422: It then proceeds with the file blocks.
423: .Pp
424: For file blocks, the receiver must look at each file that is not up to
425: date, defined by having the same file size and timestamp, and send it to
426: the server.
427: Symbolic links and directory entries are never sent to the server.
428: .Pp
429: After the second phase has completed and prior to writing the
430: end-of-data signal, the client receiver reads statistics.
431: This is only performed with
432: .Pq Fl v .
433: .Pp
434: .Bl -enum -compact
435: .It
436: total bytes read (long)
437: .It
438: total bytes written (long)
439: .It
440: total size of files (long)
441: .El
442: .Pp
443: Finally, the receiver must send the constant end-of-sequence marker.
444: .Pp
445: .Bl -enum -compact
446: .It
447: end-of-sequence -1 value (integer)
448: .El
449: .Ss Sender and receiver asynchrony
450: The sender and receiver need not work in lockstep.
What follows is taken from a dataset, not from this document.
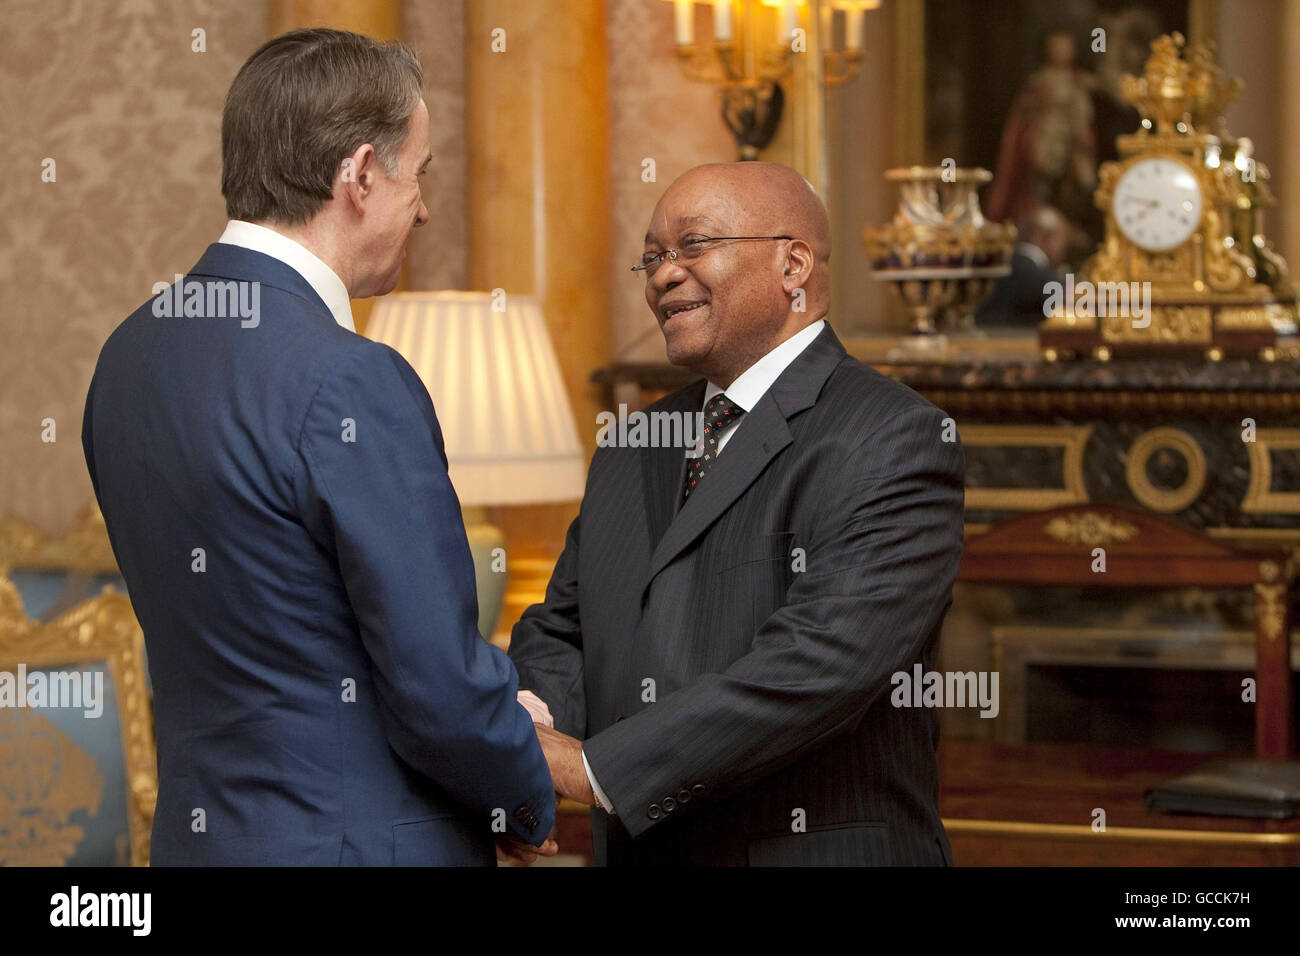 Der südafrikanische Präsident Jacob Zuma trifft Wirtschaftsminister Lord Mandelson vor einem Geschäftsfrühstück im Buckingham Palace im Zentrum von London am letzten Tag seines Staatsbesuchs in Großbritannien. Stockfoto

451: The receiver may send file update requests as quickly as it parses them,
452: and respond to the sender's update notices on demand.
453: Similarly, the sender may read as many update requests as it can, and
454: service them in any order it wishes.
455: .Pp
456: The sender and receiver synchronise state only at the end of phase.
457: .Pp
458: The reference
459: .Xr rsync 1
460: takes advantage of this with a two-process receiver, one for sending
461: update requests (the generator) and another for receiving.
462: .Xr openrsync 1
463: uses an event-loop model instead.
464: .\" .Sh CONTEXT
465: .\" For section 9 functions only.
466: .\" .Sh RETURN VALUES
467: .\" For sections 2, 3, and 9 function return values only.
468: .\" .Sh ENVIRONMENT
469: .\" For sections 1, 6, 7, and 8 only.
470: .\" .Sh FILES
471: .\" .Sh EXIT STATUS
472: .\" For sections 1, 6, and 8 only.
473: .\" .Sh EXAMPLES
474: .\" .Sh DIAGNOSTICS
475: .\" For sections 1, 4, 6, 7, 8, and 9 printf/stderr messages only.
476: .\" .Sh ERRORS
477: .\" For sections 2, 3, 4, and 9 errno settings only.
478: .Sh SEE ALSO
479: .Xr openrsync 1 ,
480: .Xr rsync 1 ,
481: .Xr rsyncd 5
482: .\" .Sh STANDARDS
483: .\" .Sh HISTORY
484: .\" .Sh AUTHORS
485: .\" .Sh CAVEATS
486: .Sh BUGS
487: Time values are sent as 32-bit integers.
488: .Pp
489: When in server mode
490: .Em and
491: when communicating to a client with a newer protocol (>27), the phase
492: change integer (-1) acknowledgement must be sent twice by the sender.
493: The is probably a bug in the reference implementation.